Un esprit moderne trouvera certainement ces détails byzantins. Mais dans le monde clos de la Cour, ils ne l'étaient absolument pas. Au reste, à l'instar du degré d'abaissement du bonnet du premier président, les révérences de cour étaient, elles aussi, plus ou moins profondes et nombreuses en fonction de la qualité de la personne à qui on la faisait. Plus que la simple marque de politesse, il faut voir là la manifestation d'un code social et politique extrêmement rigide et structuré.
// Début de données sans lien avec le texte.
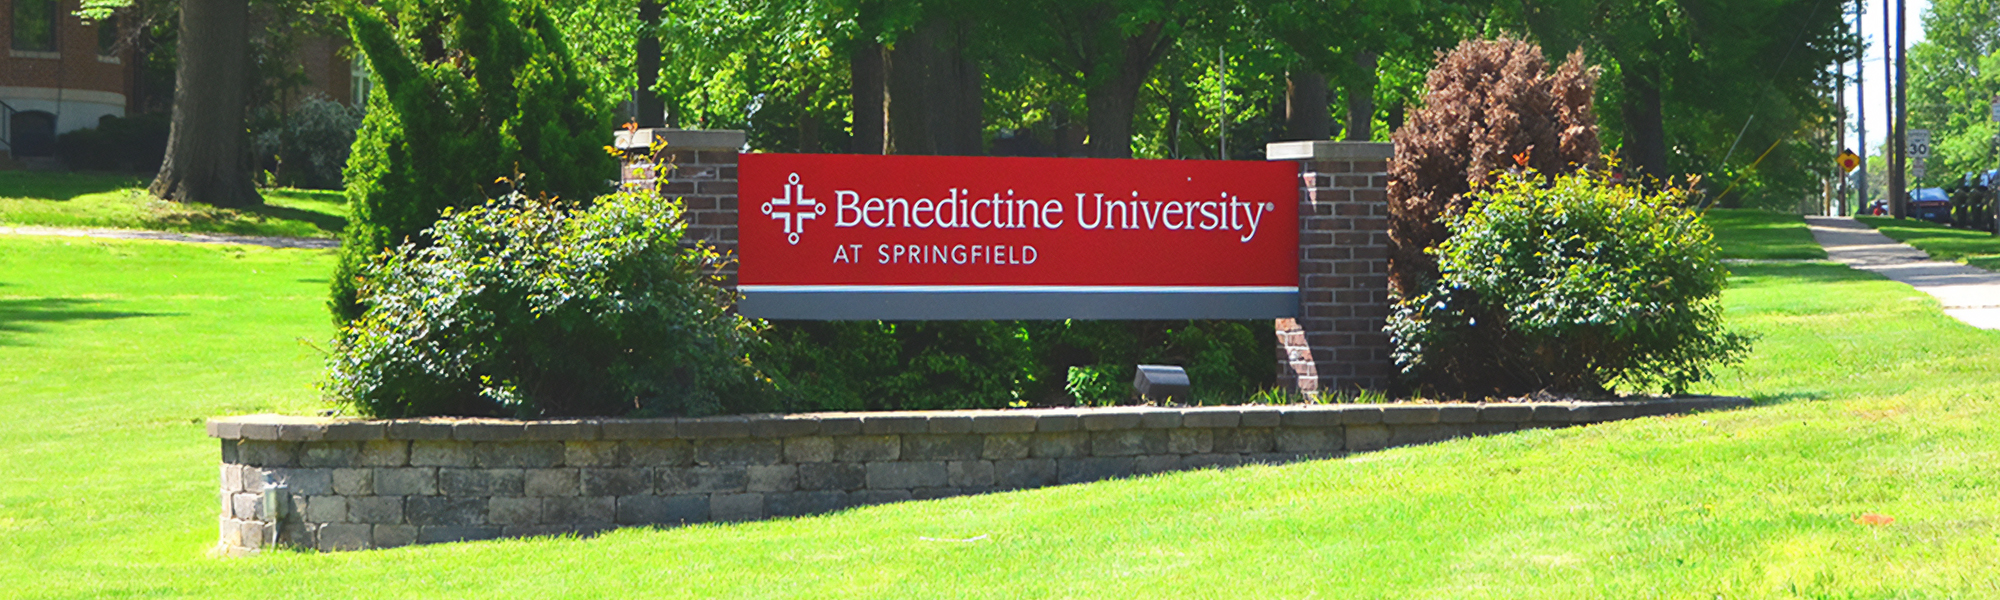 benedictine university signage

Aux yeux de Saint-Simon, la création de ce "rang intermédiaire", qui est lui-même un bâtard issu du rang de prince du sang et de celui de pair de France, est une authentique infamie. De toute la légitimité de sa lignée, de toute la fidélité au Roi manifestée par son père au mépris de ses propres intérêts, le mémorialiste se sent bien plus aristocrate que ne le seront jamais les enfants adultérins de Mme de Montespan. Sans doute était-il incapable de le formuler de cette manière puisque les bâtards, par leur père, touchaient à la fonction royale d'essence divine, qu'un homme comme Saint-Simon ne saurait attaquer. Mais le mémorialiste dispose de cette arme sans égale qu'est l'art du conteur pour nous faire part de sa révolte et, il faut bien l'avouer, nous faire rentrer dans son camp. Et il ne s'en prive pas.